There's as clear a case of government abuse of process and violation of civil rights as you can find. And it's a great example of one of the reasons the Founding Fathers designed the civil justice system: to protect US from a power-hungry Executive Branch. The next time someone asks you for one good reason why we need civil suits and trial lawyers, remind them of this case.

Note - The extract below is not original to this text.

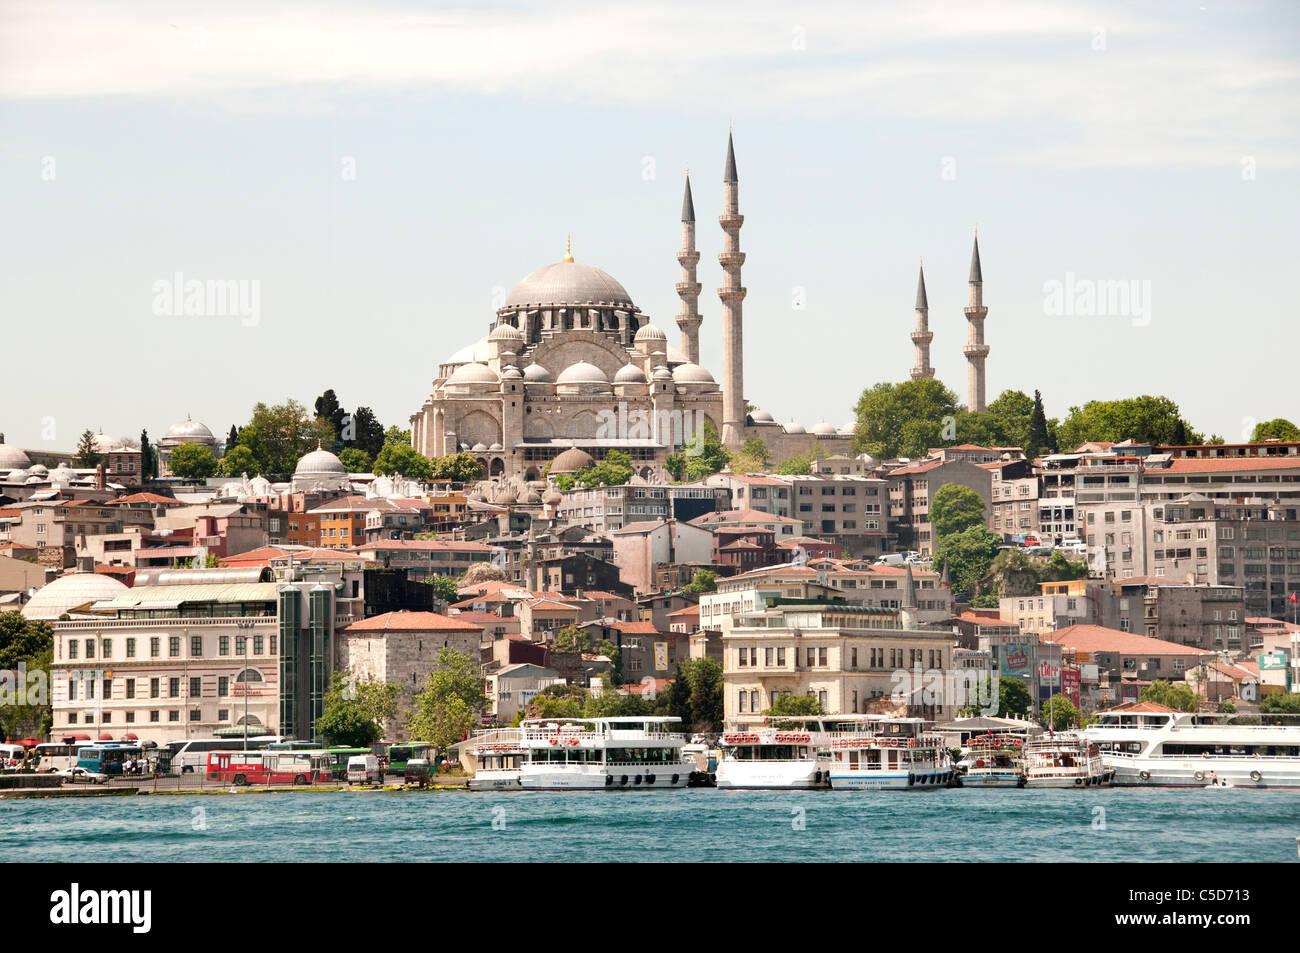 Mosque Suleymaniye Camii Istanbul Turkey Golden Horn - Stock Image

Two important Republican leaders sent signs in the past week that they finally recognize that federal tort reform laws are an unconstitutional abridgement of the right to a civil jury trial and each state's right to run their own civil justice systems.

Rep. Paul Ryan gave an important speech recently at the Hoover Institution on his suggestions for reforming health care. I was pleasantly surprised to see him step back from his previous proposals for federal tort reform. In his Hoover Institution speech, he didn't mention limits on medical malpractice lawsuits or tort reform at all. Contrast this to Ryan's "Path to Prosperity," the basis of the House Republican budget resolution, which included caps on noneconomic damages from health care-related incidents. That proposal, the long-time centerpiece of the federal tort reform agenda, was condemned as "fair-weather federalism" by conservative legal experts, such as top anti-ObamaCare counsel Randy Barnett, and opposed even by two proponents of lawsuit limits, Walter Olson and Ted Frank.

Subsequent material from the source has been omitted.